私達が生きるこの地球上で、たとえ、この御文にあるような、ありえない不可能な現象が起こったとしても、「”法華経の行者の祈りが叶わない”という事だけは絶対にあり得ない」と断言している。
そんな、確信溢れる力強い”約束”とも言える御文です。
大確信の強盛(ごうじょう)な祈りというのは、「南無妙法蓮華経」と唱えて自分の生命に仏界が開く事であり、自分自身の仏性と可能性をどこまでも信じて、法華経を弘める誓いと決意の祈り。
この祈りがあって、諸天の善神達を揺り動かす事が出来る。
この祈りと、法華経を弘めゆく実践があって、自分の祈り・願いがどんどん叶う。
4つのたとえを”不可能な現象”として出す事で、法華経の行者の祈りが叶う事を”絶対の道理”として強調しているようにも感じます。
ちなみに、「法華経の行者」と似ているようで全く性質の異なるのが「法華経の信者」です。
「信者」は、座して自分の利益ばかりを祈り、更に法華経を弘めるという実践が伴わない人を意味します。
さて、実はこの御文、文章の奥に大きな意味が隠れています。
それは、こういう事↓です。
「大地」=地球 自分vs地球
「虚空」=大気圏 自分vs大気圏
「潮のみちひ」=月(月の引力によって潮の満ち引きがあるから) 自分vs月
「日」=太陽 自分vs太陽
これ↑は、つまり、「宇宙と自分」「宇宙と自分自身の対比」を言っています。
そうです、この4つの言葉は、実は全て「宇宙」を連想させる言葉なのです!
この4つの現象は、地球に住む僕達人間から見ると不可能な事だと認識されています。
でも、宇宙全体から見れば、ほんの小さな出来事にしか過ぎない。もしかしたら他の惑星では、可能な現象かもしれない。

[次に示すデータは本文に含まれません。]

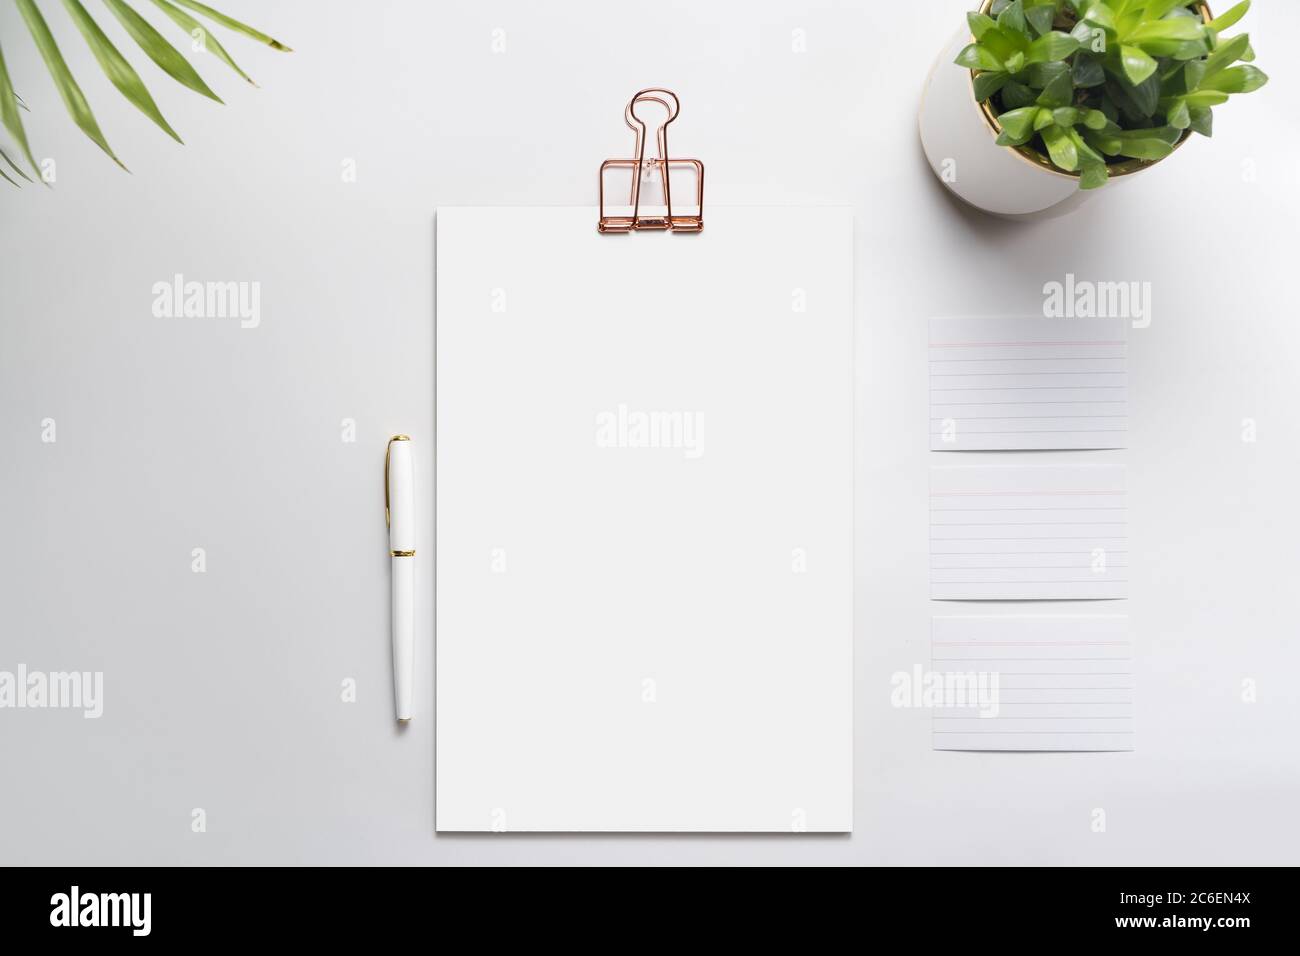 Blank corporate identity stationery set, personal branding mockup template. Sheets of paper, fountain pen and office supplies, decorated with green pl Stock Photo

人間の目で見える範囲で考えれば、この4つの現象は不可能な事だと思い込んでいる。
日蓮大聖人は、この4つのたとえを出す事で、人間の生命は「宇宙大」、僕達は「宇宙全体」だとおっしゃっています。自分自身は宇宙そのものなんだ、と。
仮にこの4つの事が起こっても、宇宙そのものの存在のあなたからすれば、小さな事。それくらい、「偉大なるあなたなのだ!」とおっしゃっているのです。そしてそれを改めてわかってもらうために、あえてこの4つの対比を出していらっしゃると。
とはいえ、地球に住む僕達からすれば、この4つの現象はありえない事・不可能な事に変わりはありません。
仮にこのような不可能な事が起こっても、それでも、それでも、それでも!「法華経の行者の祈りは絶対なんだ!」と強調する為に、4つの事柄を出されたのです。
その大きな確信の意味と、「自分=宇宙大」だと認識させる意味が、この4つの言葉の奥底に隠されているのです。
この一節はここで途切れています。